Many business owners know that they can deduct their medical insurance premiums through their business. But did you know you can also deduct through your business:
• Out of pocket expenses for all your medical, dental, and vision expenses
• Your co-payments for office visits and prescriptions
• Mileage to and from your doctor or dentist office
• Up to $50,000 of term life insurance for you (the business owner)
• Long term care insurance premiums
• Accident and disability insurance premiums
Depending on your business structure and the plan you put in place, you might also be able to deduct costs for:
• An on-site fitness facility
• Over-the-counter medications (aspirin, antacids, cough syrup, pain relievers, ointments, etc.)
Some real-life examples from my client file:
• Brian and Jenny’s (not their real names) beautiful baby daughter was born with a congenital problem that required life-long treatment and medical procedures. They restructured their business and put their plan in place. Every penny that insurance didn’t cover was deducted through their business, saving them thousands of dollars in taxes;
• Joe and Marisa were faced with the possibility of expensive medical bills.
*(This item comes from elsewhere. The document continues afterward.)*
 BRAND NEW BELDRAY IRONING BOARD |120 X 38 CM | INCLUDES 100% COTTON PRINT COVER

Although they had an incredibly profitable business, the thought of taking all that profit to first pay taxes and then pay their medical bills was depressing. They restructured their business to take full advantage of all the program benefits and saved nearly $20,000 in taxes!
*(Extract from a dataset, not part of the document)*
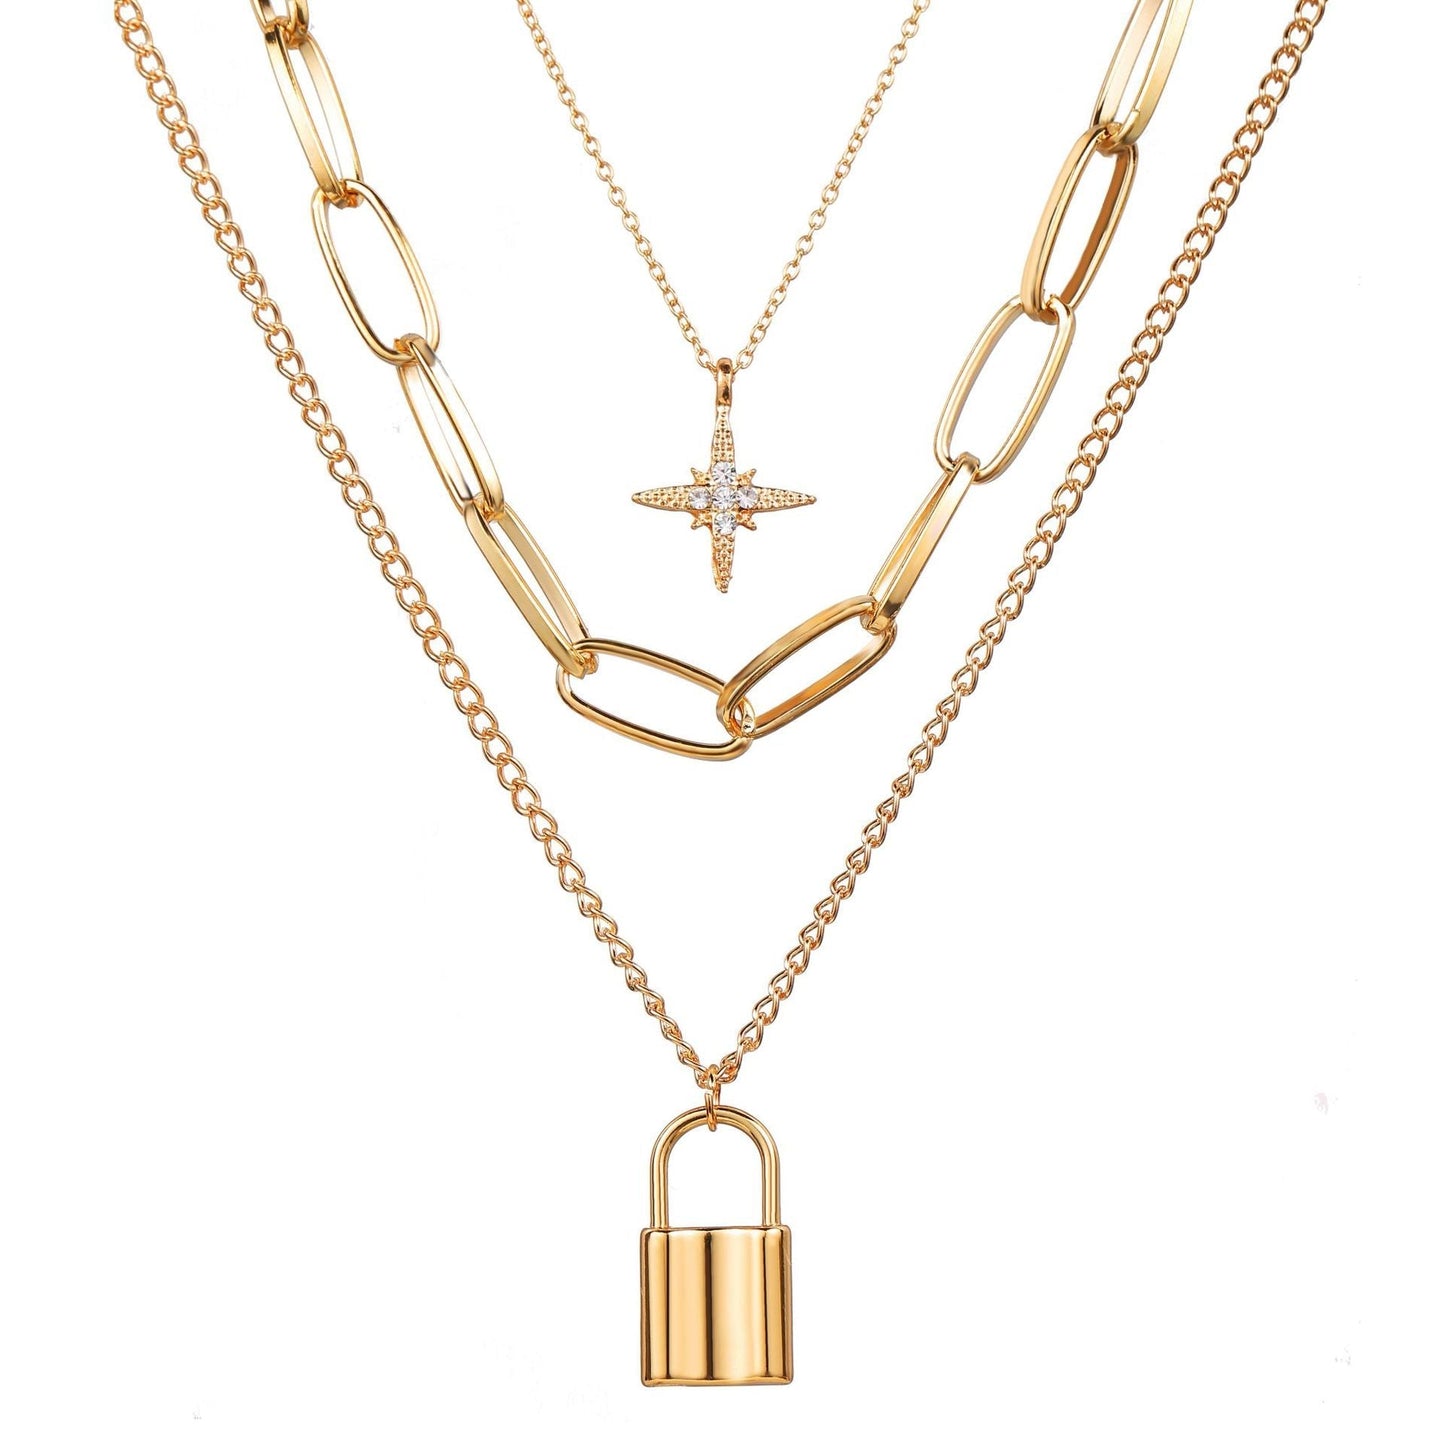 The Locked-In-A-Star Pendant Necklace

This program isn’t for everyone. You have to have a legitimate business. If you are a sole proprietor or in a general partnership, you have to be married and able to legitimately employ your spouse. If you own an S-corporation, you may not be able to get the full benefit of the program.
But don’t you owe it to yourself and your family to find out more, and see what you can save? The average tax savings for sole-proprietors along is $2500 PER YEAR.
Just follow this link for all the details: www.FlexAffiliates.com/plan/ebizCFO.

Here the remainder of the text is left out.